挑もうとする気概を嘲笑い、虚につけ込んで神経を逆撫でしながら、そのくせ暗号もしっかり暗号として機能してる。悔しいけど、智則くんのお姉さんには脱帽だ。
「それを聞くと確かによくできてるかもしれないけど、肝心の暗号はどうやって解いたのよ。共通点が9? 意味がわからないわ」
すっかり自力での謎解きを諦めた果奈。コーヒーの成分表に目を落として素っ気なく振る舞っているが、コタツの中の足は忙しなくバタついていた。
しばらく捨て置けばこいつのことだからどうせ後ろに倒れ込んで背泳ぎでも始めたんだろうけど、オチを察して興が削がれてしまった僕は果奈の次のアクションを待たずに、缶の上の『わかる人にはすぐわかる。わからない人には一生わからない』という文字を指差した。
「このヒント。これはわかりやすい。わかりやすすぎて呆れたくらいだよ」
僕の発言に顔をしかめる二人。いや、わからないことをバカにしてるわけじゃないんだが。

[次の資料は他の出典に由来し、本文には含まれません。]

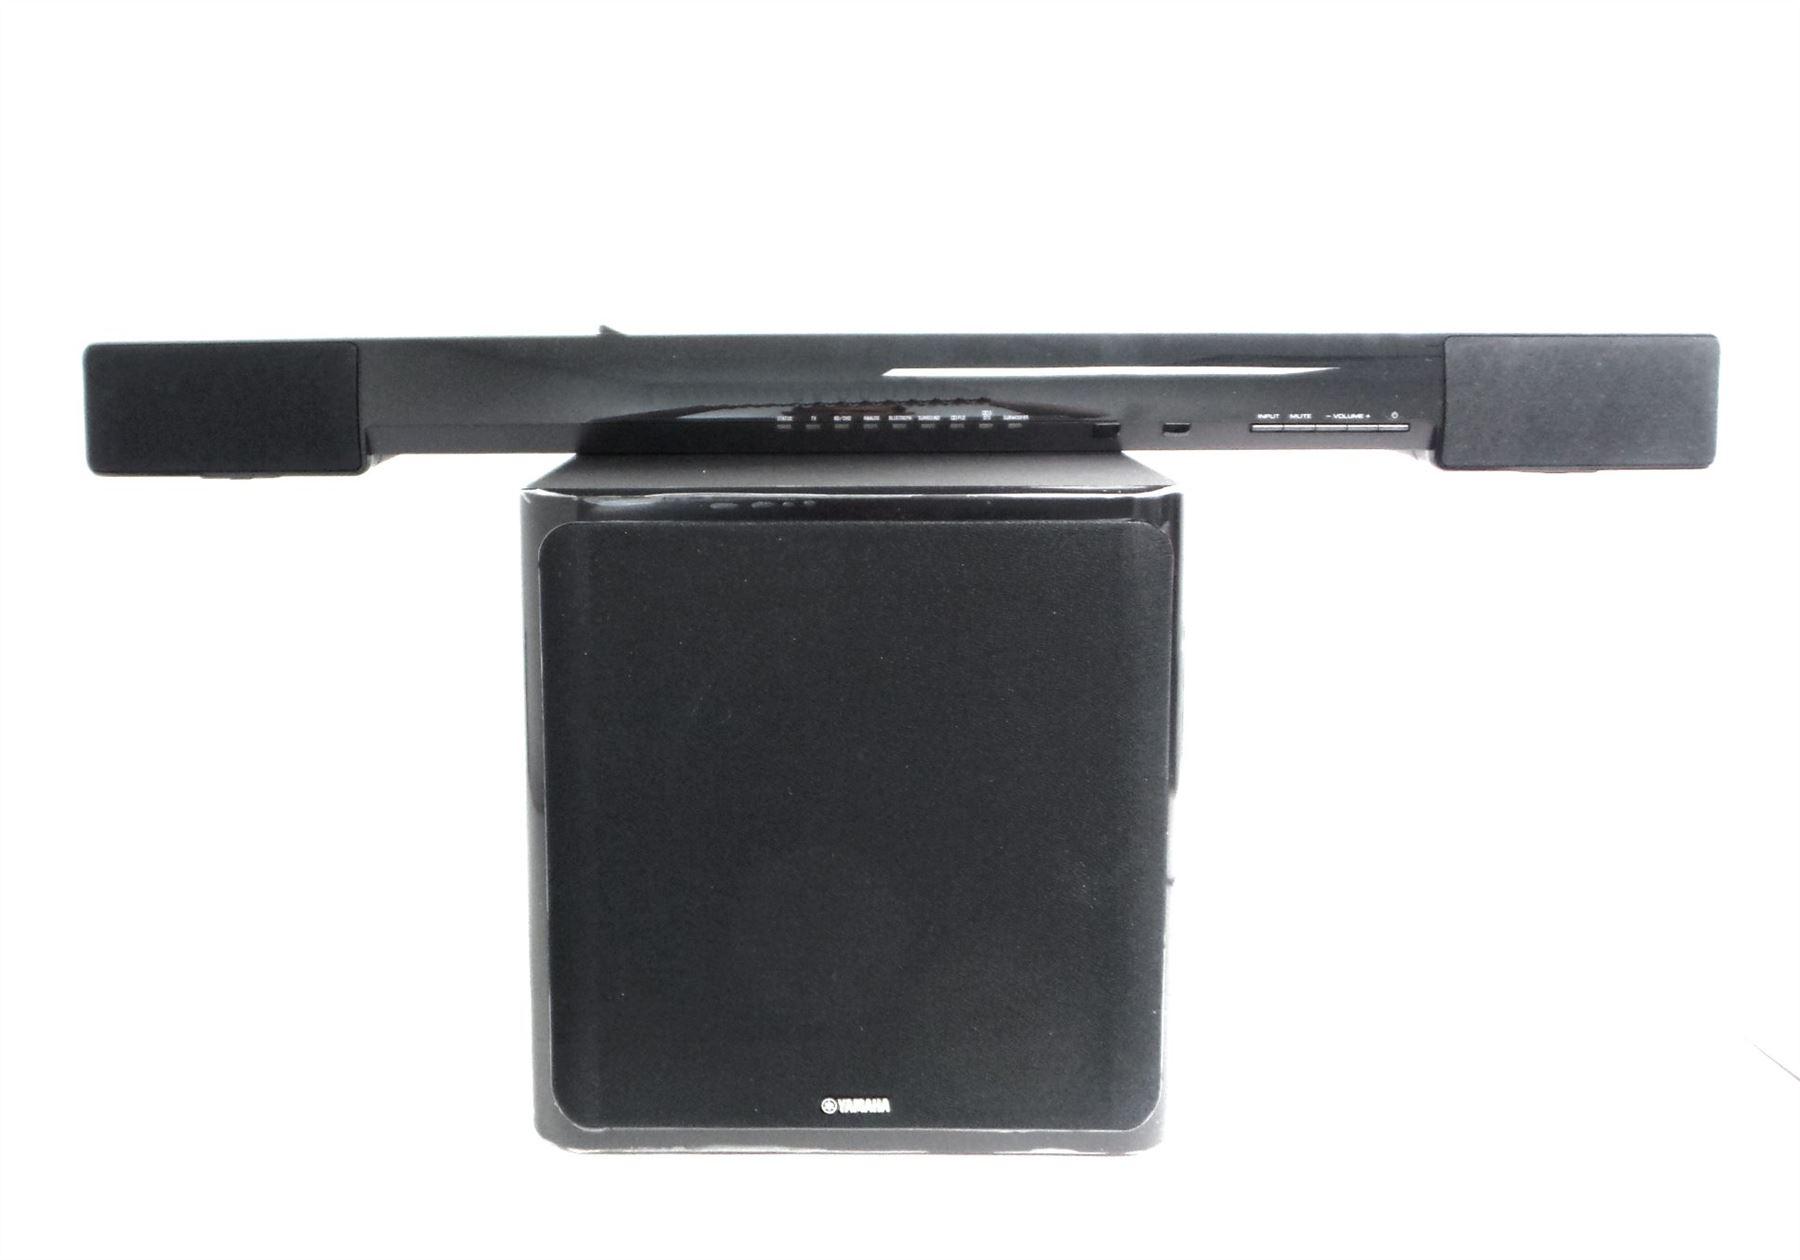 yamaha sound bar with wireless subwoofer bluetooth 2 1. Black Bedroom Furniture Sets. Home Design Ideas

「こんな風にヒントを書かれたら、もう問題文であれこれ考える必要はないんだ。わからない人には一生わからないんだからな」
「私たちみたいに?」
卑屈になり、コタツの中で膝を抱える果奈。
「いや……これはほら、きっと性格悪い奴が作った暗号だからさ。解けるのは、同じく性格の悪い奴だけなんだよ」
智則くんのお姉さんを巻き込みつつ自分を下げることで二人の機嫌をうかがうが、「あーなるほど」なんて納得してるのでどうやら犠牲は無駄にならなかったようだ。
「わからない人には一生わからないってのは要するに、正攻法じゃ解けませんって言ってるようなもんだろ? だからさ、答えは問題文じゃなくて他にあるってことなんだよ。もっと根本的な話で、共通点はなんだろうじゃなくて、そもそも共通点なんてあるのかって考えてみるんだ。そうすると簡単だろ? こうやって小難しい言葉を並べてミスリードを誘ってるけど、共通点なんて初めからなかったんだよ。共通点は、ないんだよ」
「あー!」
僕の説明を嚥下して得心した里々が、ステレオタイプに手のひらを握り拳で叩いた。
「あら、里々ちゃんもわかったの? 御愁傷様。この部屋で清らかな心を持っていたのは私だけだったようね」
一人だけ置いてけぼりのくせに勝ち誇り、薄ら笑いを浮かべる果奈。
「そんな純粋なはてにゃんにはウチが解説してあげましょう! わやお立会い!」
カフェラテのストローを引っこ抜いて指揮棒のように振り回す里々が、飛び散る雫でコタツの上を汚しながら、
「あのね、はてにゃん。共通点は、
と切り口上で説明を始めたが、
「共通点がないのなら、答えもないじゃないの」
それでも果奈には届かなかった。
答えの尻尾にすら手をかけられない果奈を見かねた里々は、むーっとした顔で立ち上がると、
「だから、ナインだよ! セブン、エイト、ナインのナイン! 『今、どん
と目に角を立てた。
後半の解説方法には疑問が残るが、言ってることは間違っていない。
そう、これらの暗号文に共通点なんてものはない。故にこの暗号の答えは『9』なのだ。
「あー、そういうこと。面白いわね。私だけ気づかないのも頷けるわ」
確かに最近のお前の口調だと答えに辿り着くのは難しいかもな。そうじゃなくても怪しいんだから。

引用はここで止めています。